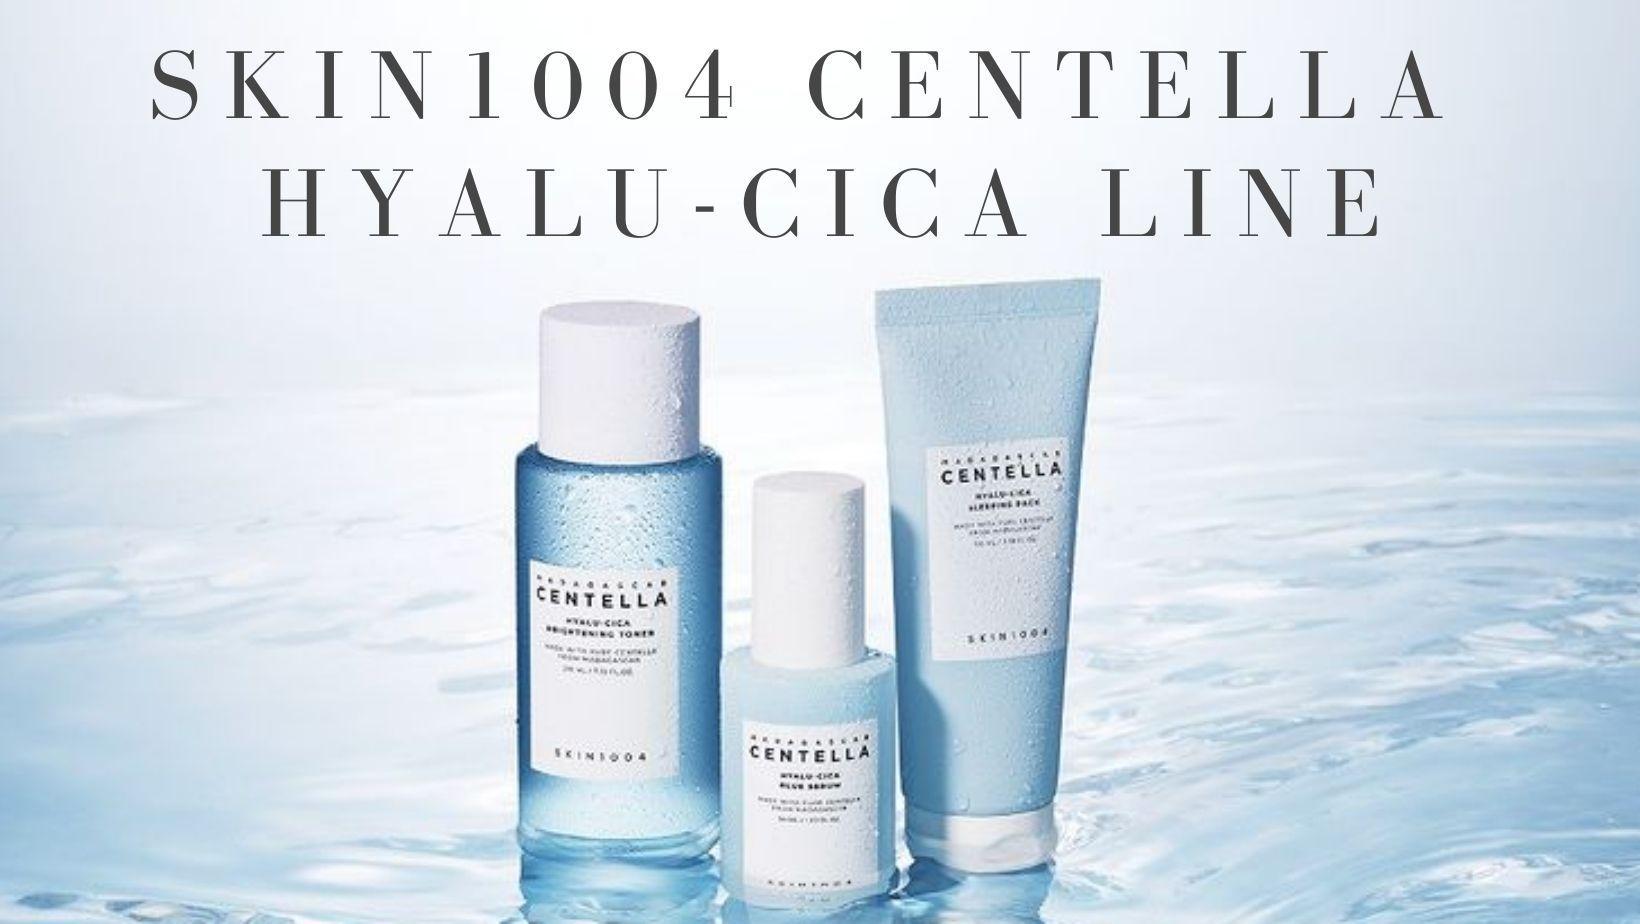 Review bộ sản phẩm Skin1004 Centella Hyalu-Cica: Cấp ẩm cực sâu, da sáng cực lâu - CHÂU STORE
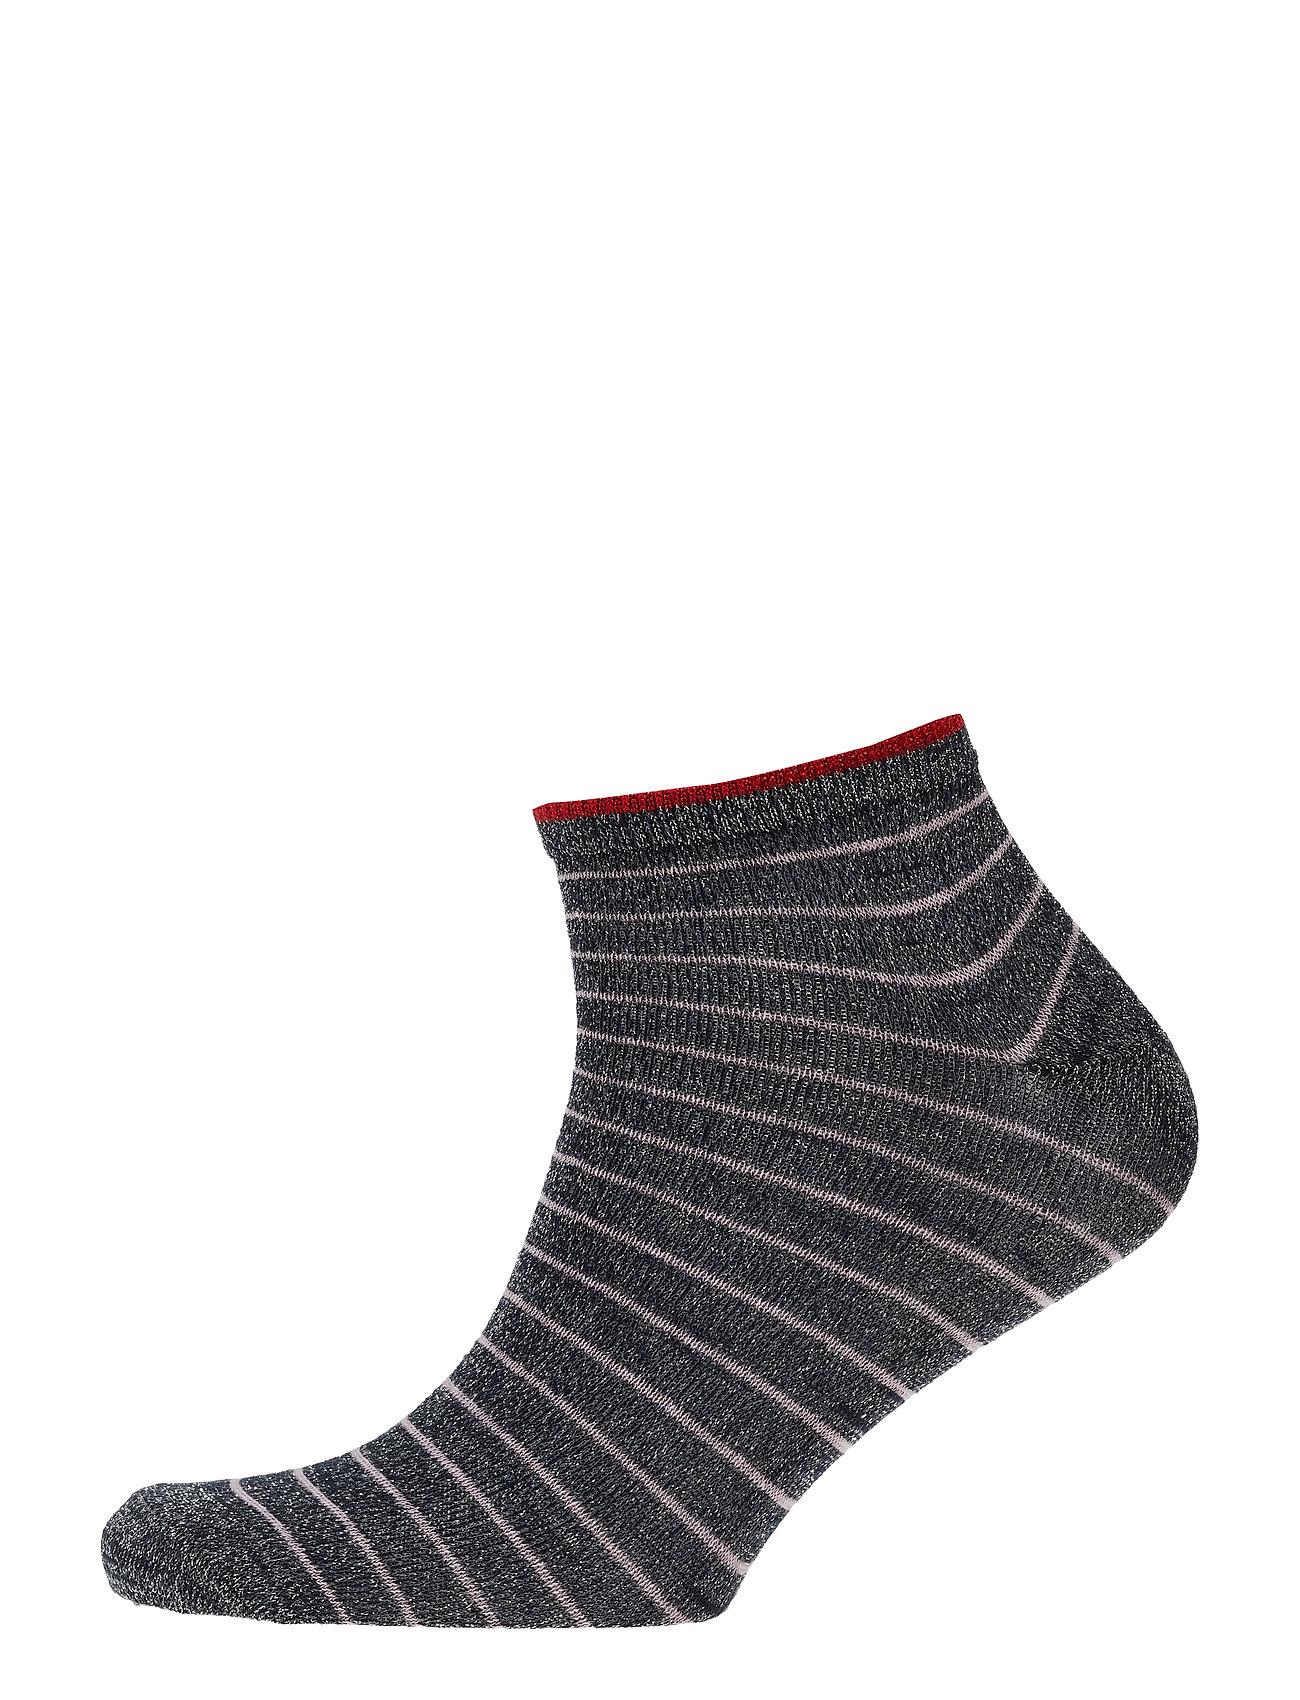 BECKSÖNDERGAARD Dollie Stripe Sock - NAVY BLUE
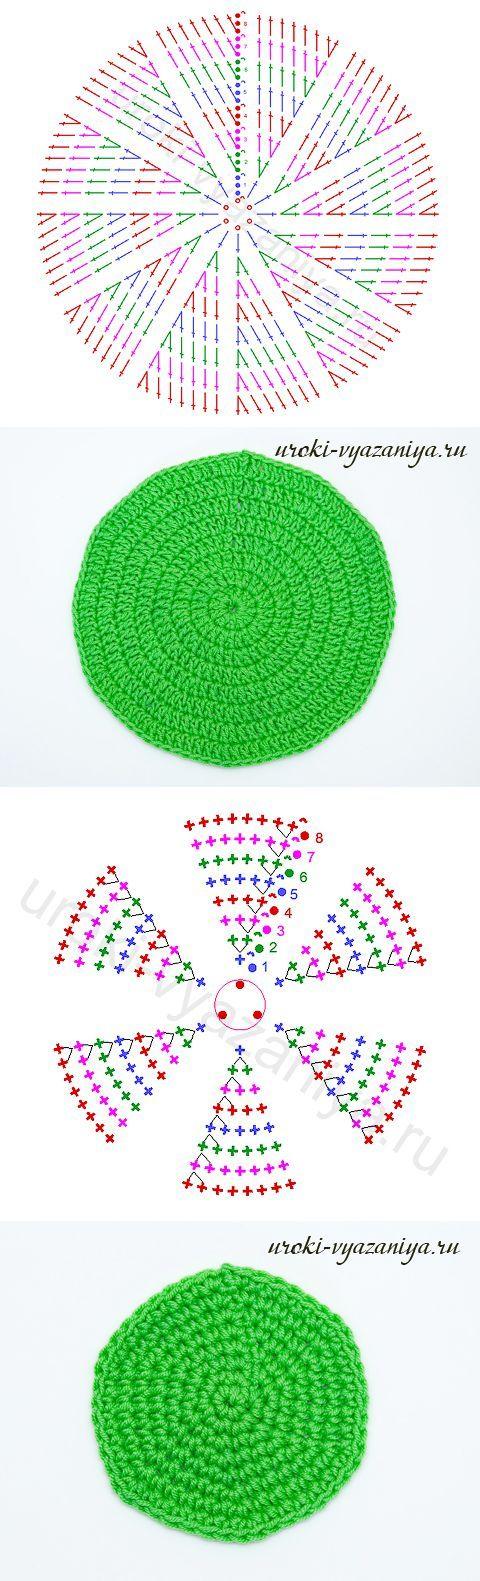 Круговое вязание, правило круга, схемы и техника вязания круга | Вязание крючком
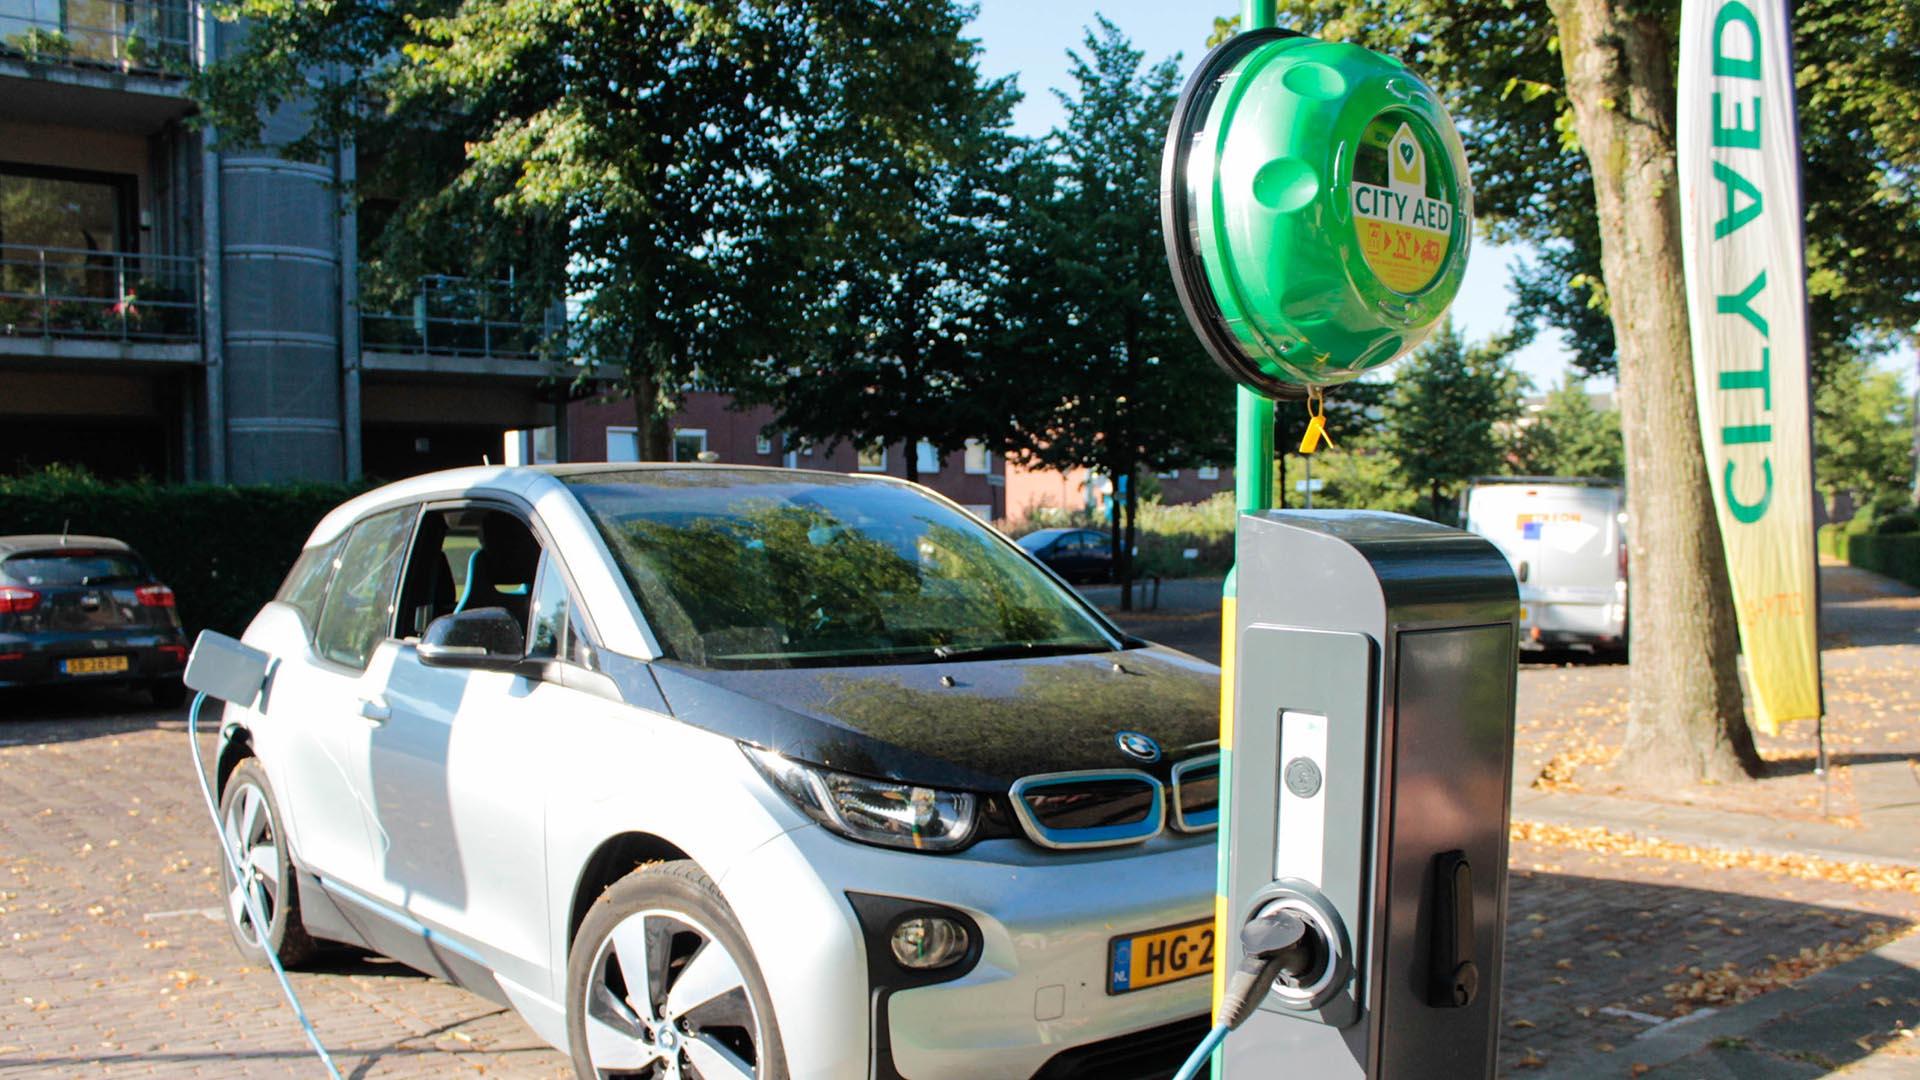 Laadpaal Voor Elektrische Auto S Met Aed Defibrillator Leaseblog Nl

####

= About this exercise =
Leave out every picture and copy verbatim the lines running from the line containing "Круговое вязание, правило" through the final line of the data.

= Exercise response =
 Круговое вязание, правило круга, схемы и техника вязания круга | Вязание крючком
 Laadpaal Voor Elektrische Auto S Met Aed Defibrillator Leaseblog Nl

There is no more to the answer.